Sitting with Others

by Rodney Jones

copyright ©2006 by Rodney Jones

The front seats filled last. Laggards, buffoons,
and kiss-ups falling in beside local politicos,
the about to be honored, and the hard of hearing.

No help from the middle, blenders and criminals.
And the back rows: restless, intelligent, unable to commit.
My place was always left-center, a little to the rear.

The shy sat with me, fearful of discovery.
Behind me the dead man’s illegitimate children
and the bride’s and groom’s former lovers.

There, when lights were lowered, hands
plunged under skirts or deftly unzipped flies,
and, lights up again, rose and pattered in applause.

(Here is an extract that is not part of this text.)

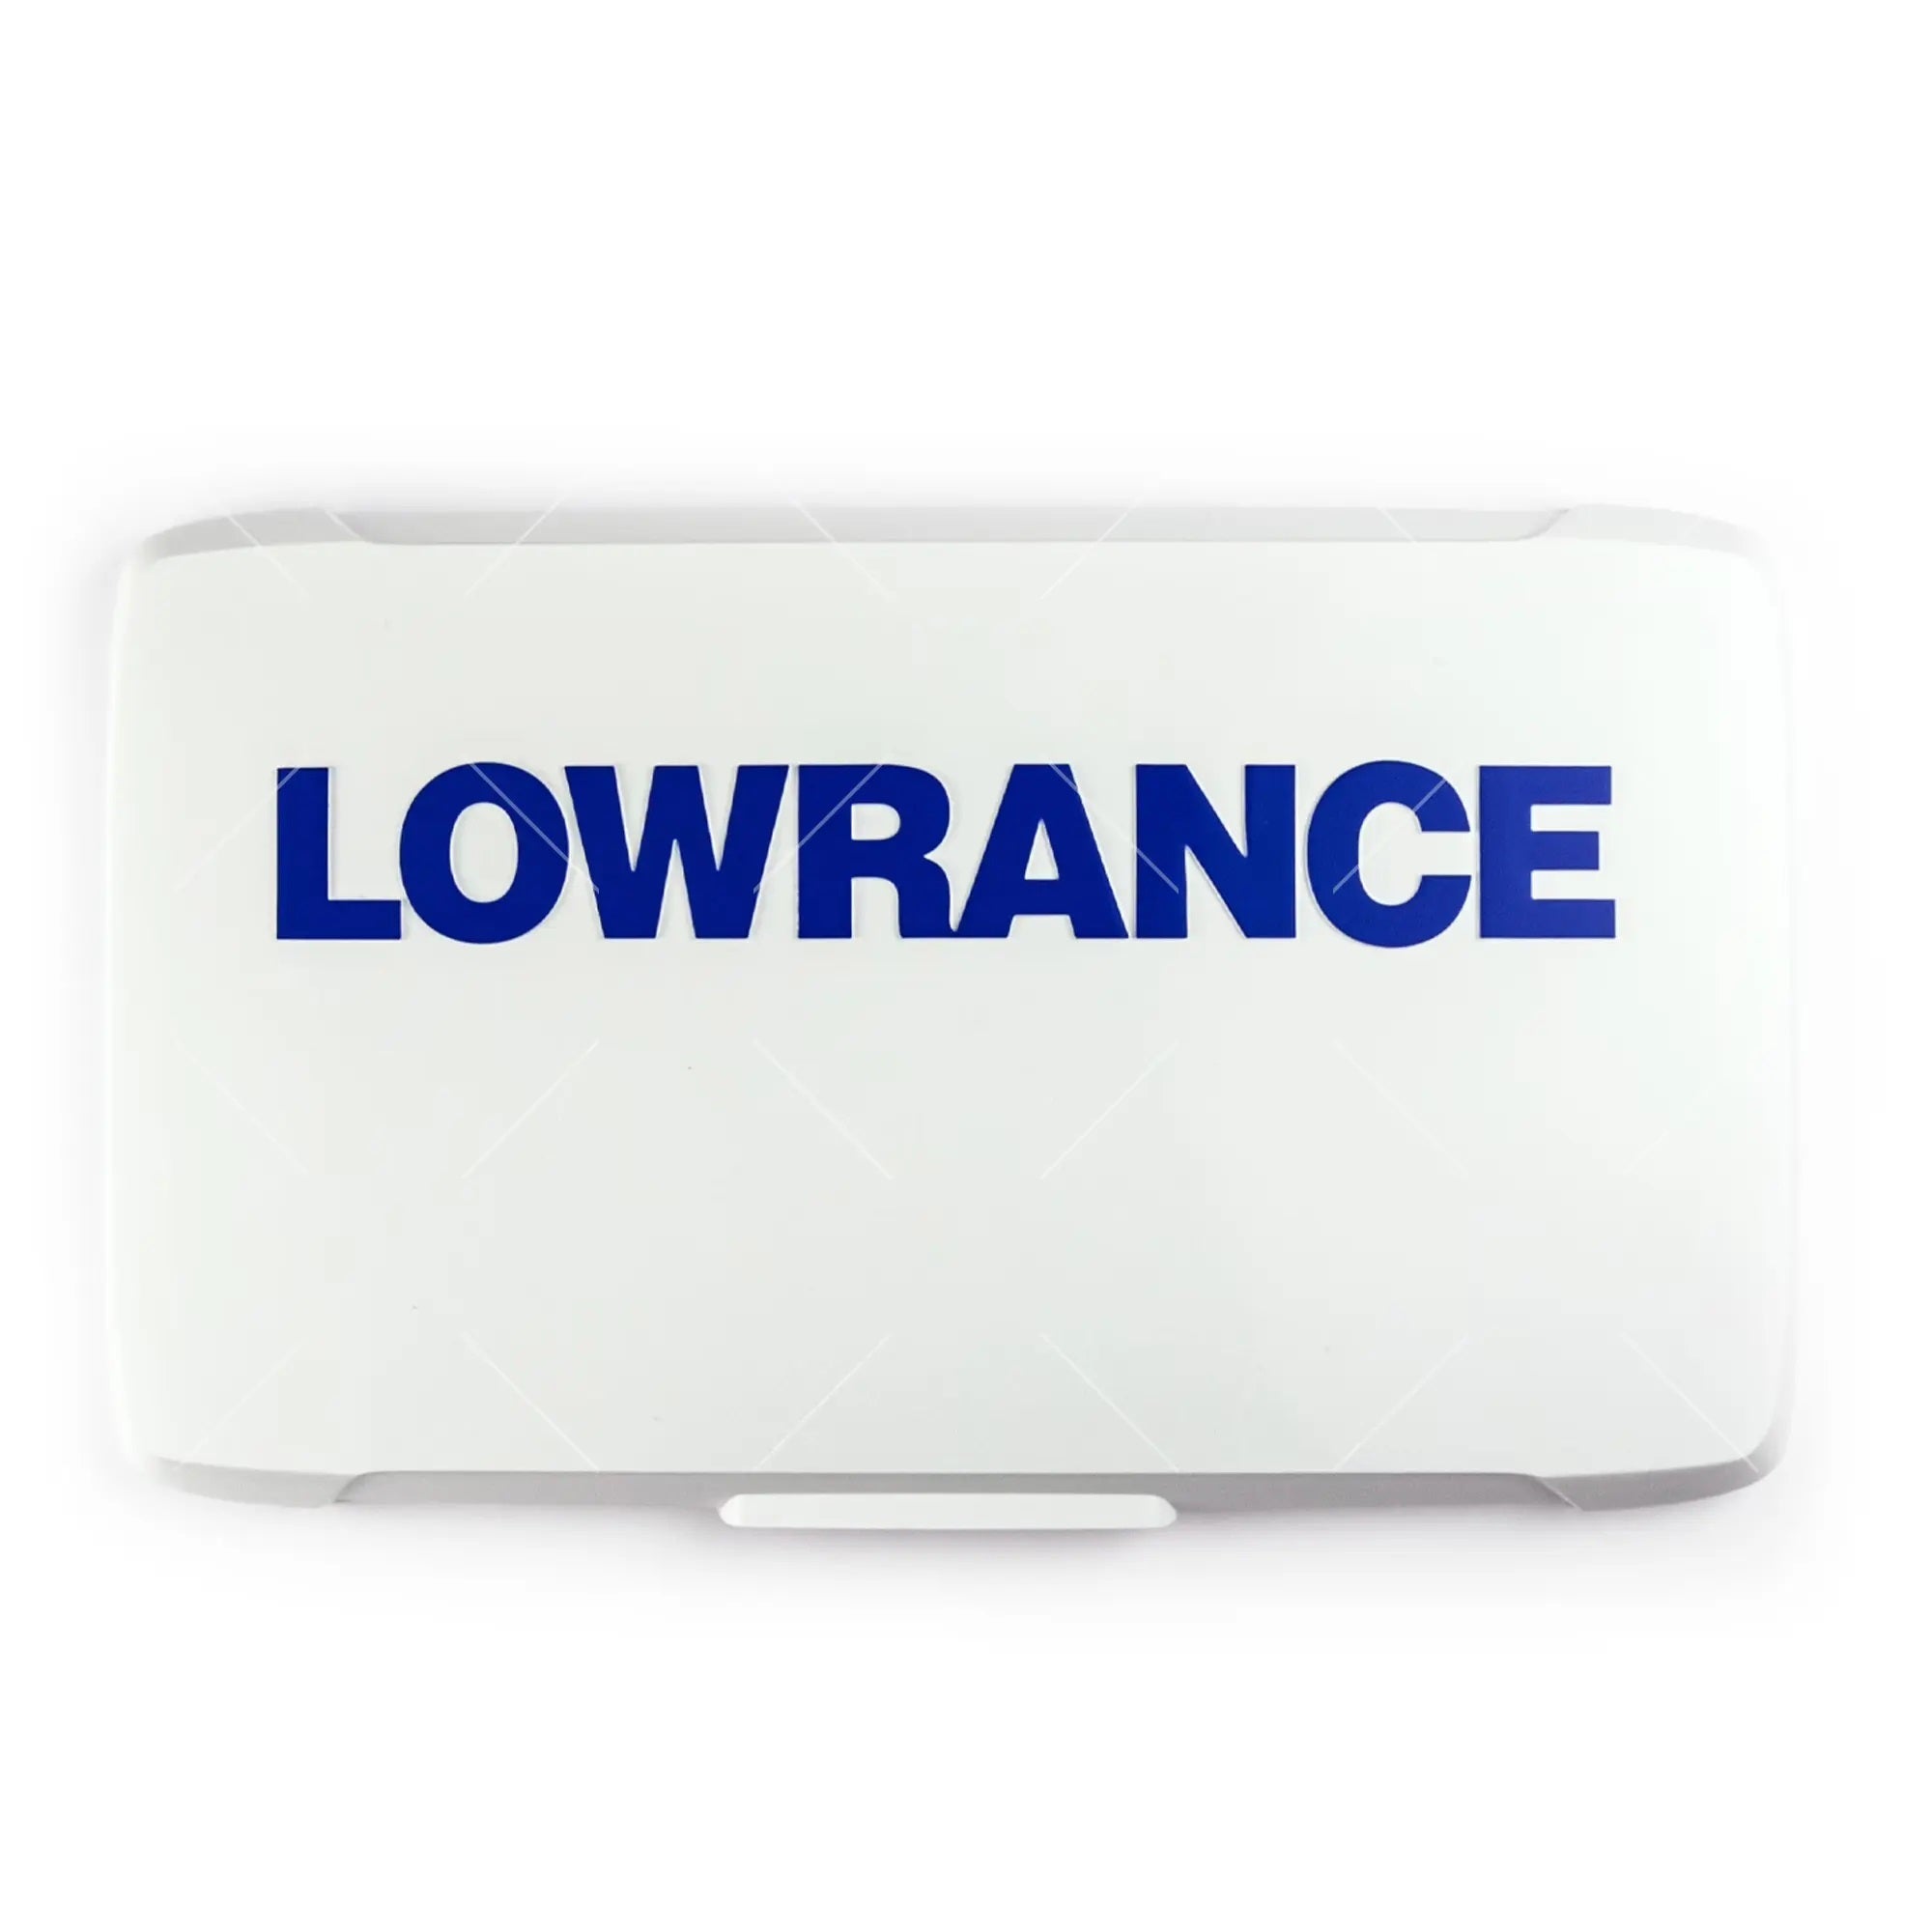 Lowrance 000-16250-001 Sun Cover for Eagle 7

Ahead, the bored practiced impeccable signatures.
But was it a movie or a singing? I remember
the whole crowd uplifted, but not the event

or the word that brought us together as one—
One, I say now, when I had felt myself many,
speaking and listening: that was the contradiction.

Notes on the Poem

Rodney Jones' poem "Sitting with Others" seems to encapsulate everything the 2007 Griffin Poetry Prize judges enjoyed about the entire collection from which it came, Salvation Blues: One Hundred Poems, 1985-2005. As the judges observed so beautifully in their citation:
"His poems are angry, bawdy, funny, wise and deeply moving. They sing to remind us of our humanity and to heal the language of its long service as a mere tool.”
Be it a wedding, funeral, speech or ceremony, concert or even a movie, Jones finds opportunities and examples bearing out all the judges' descriptors in this poem capturing the often many-faceted, regularly fraught experience of gathering with others, for good or for bad. Angry? Characterizing fellow human beings as "Laggards, buffoons, and kiss-ups falling in beside local politicos" suggests some considerable displeasure, don't you think? Bawdy? Well, the fourth stanza certainly has that covered ... or uncovered. Ahem. Funny? Such juxtapositions as "the about to be honored, and the hard of hearing" and "blenders and criminals" had us chuckling ruefully - how about you? Wise? There is something sly and knowing about "And the back rows: restless, intelligent, unable to commit. My place was always left-center, a little to the rear." And oh, deeply moving ... "I remember the whole crowd uplifted, but not the event or the word that brought us together as one" Does it matter the occasion? Does it matter that as soon as he remarks on it, Jones remarks on its contradiction? Even then, it keeps us thinking about the importance of gathering with others. That is moving, indeed.